§ WHAT TO PRODUCE
Could the listing be repeated exactly, with every picture dropped?

§ DATA SHOWN
*****

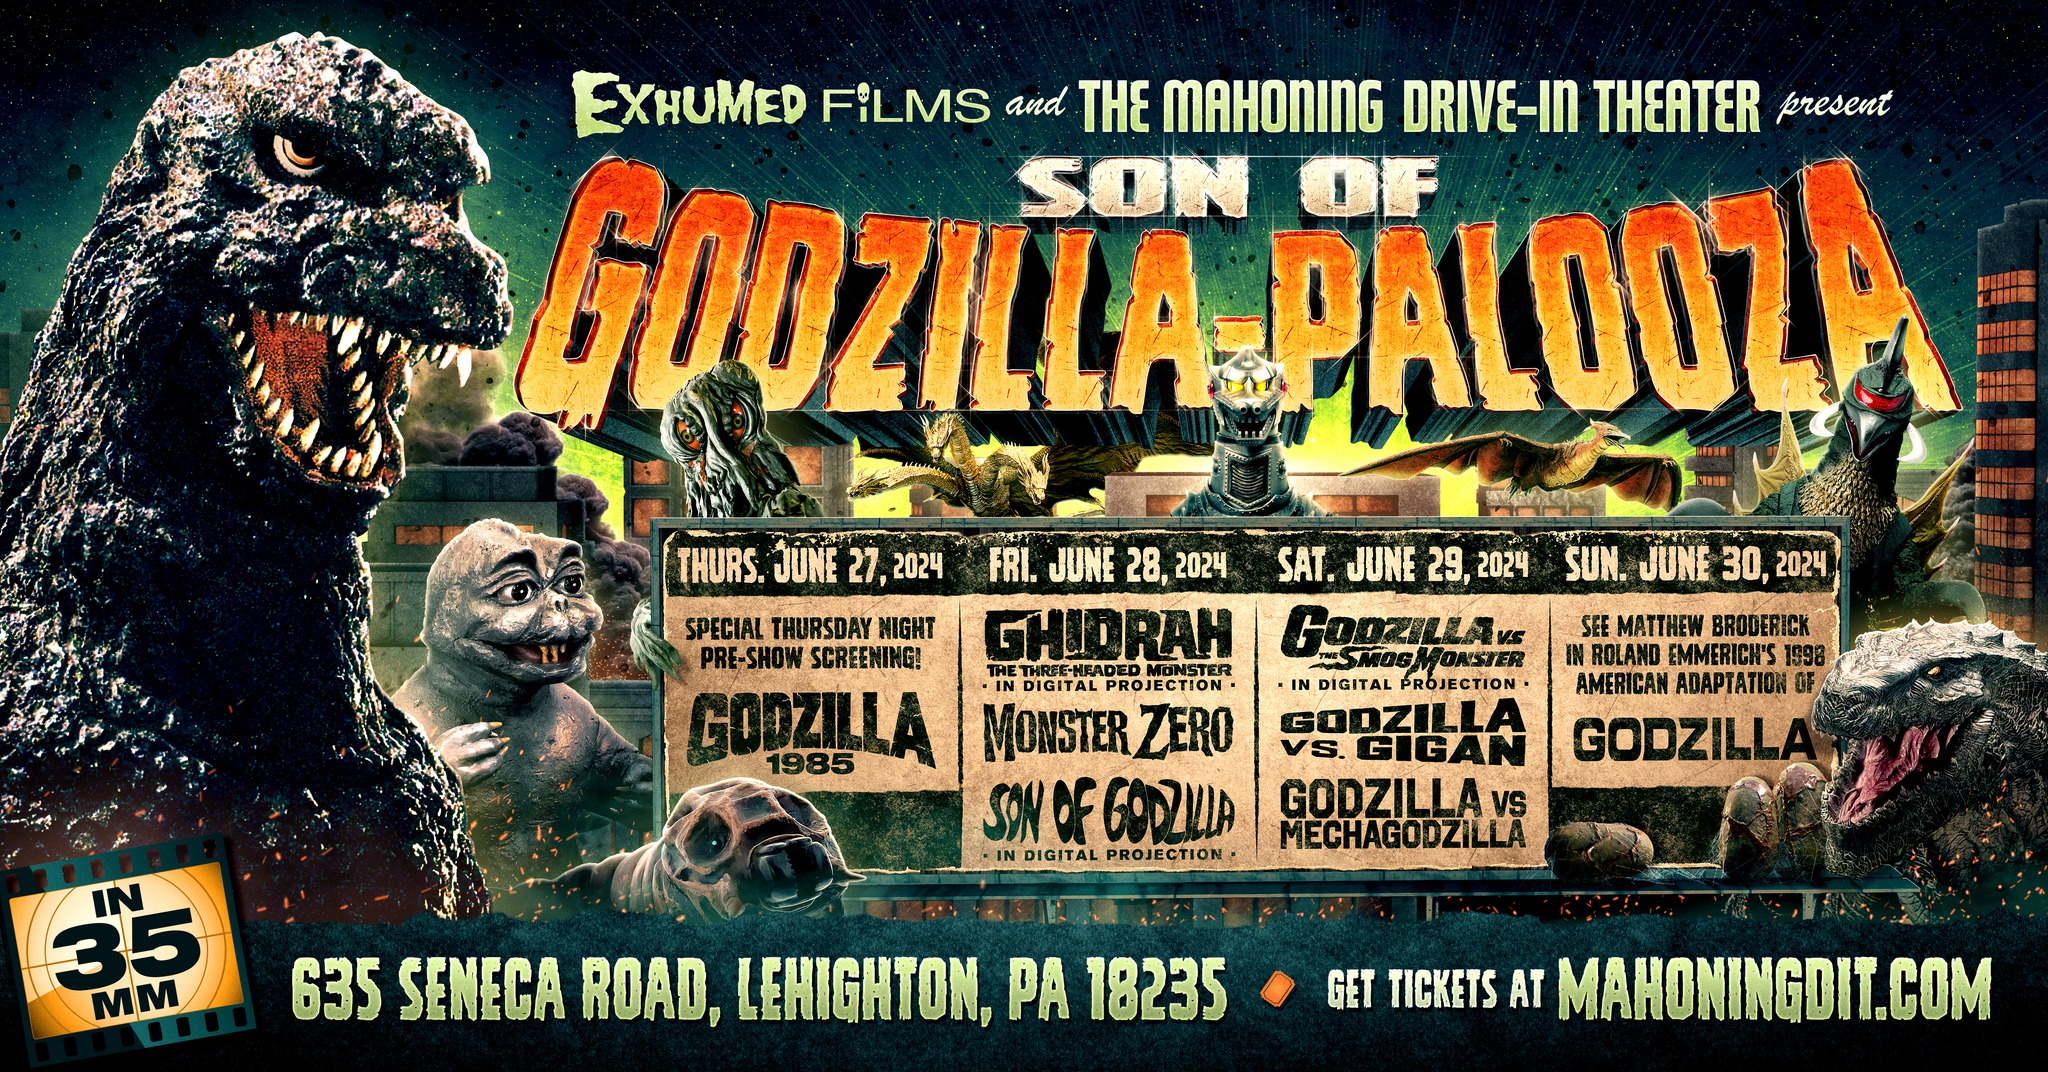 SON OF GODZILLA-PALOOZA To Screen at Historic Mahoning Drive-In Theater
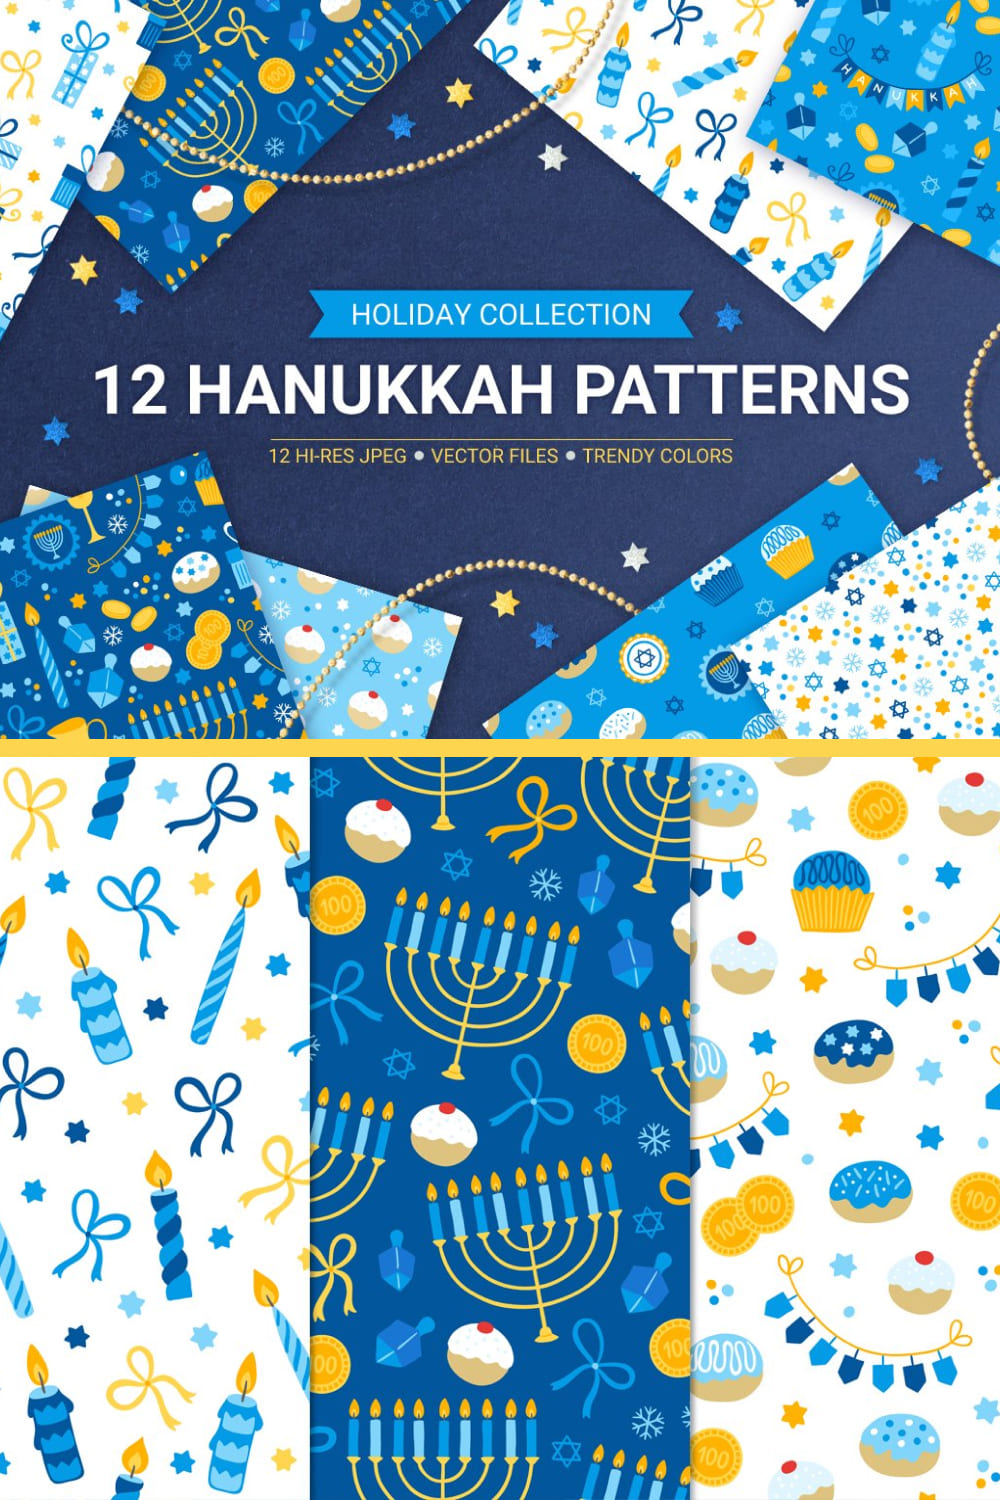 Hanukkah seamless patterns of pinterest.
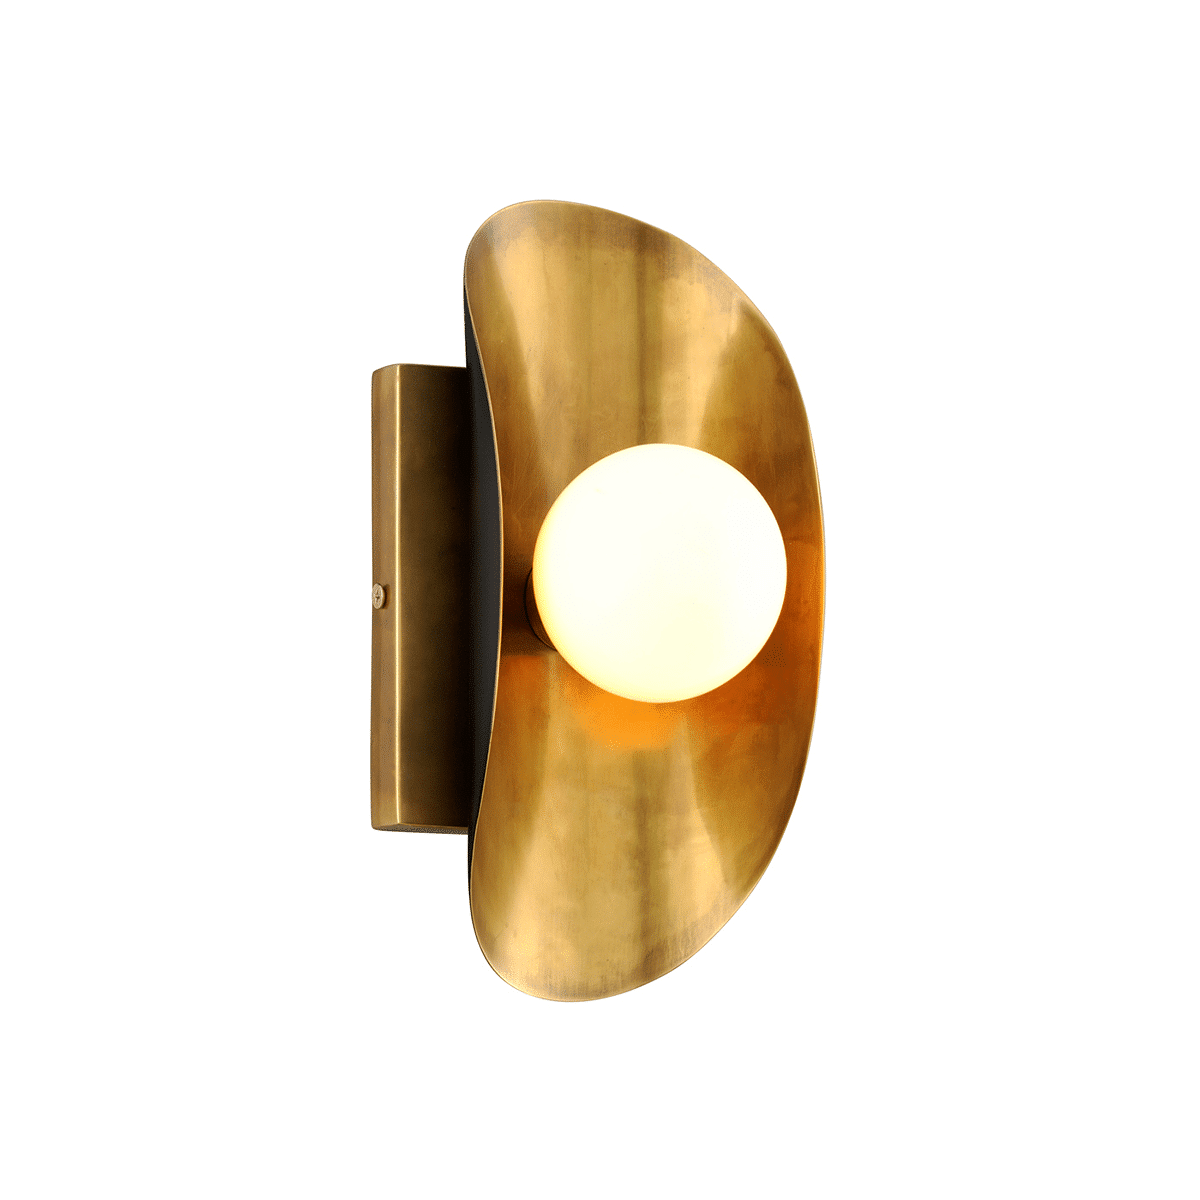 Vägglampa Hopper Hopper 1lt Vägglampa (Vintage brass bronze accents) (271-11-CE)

*****

§ OUTPUT
 SON OF GODZILLA-PALOOZA To Screen at Historic Mahoning Drive-In Theater
 Hanukkah seamless patterns of pinterest.
 Vägglampa Hopper Hopper 1lt Vägglampa (Vintage brass bronze accents) (271-11-CE)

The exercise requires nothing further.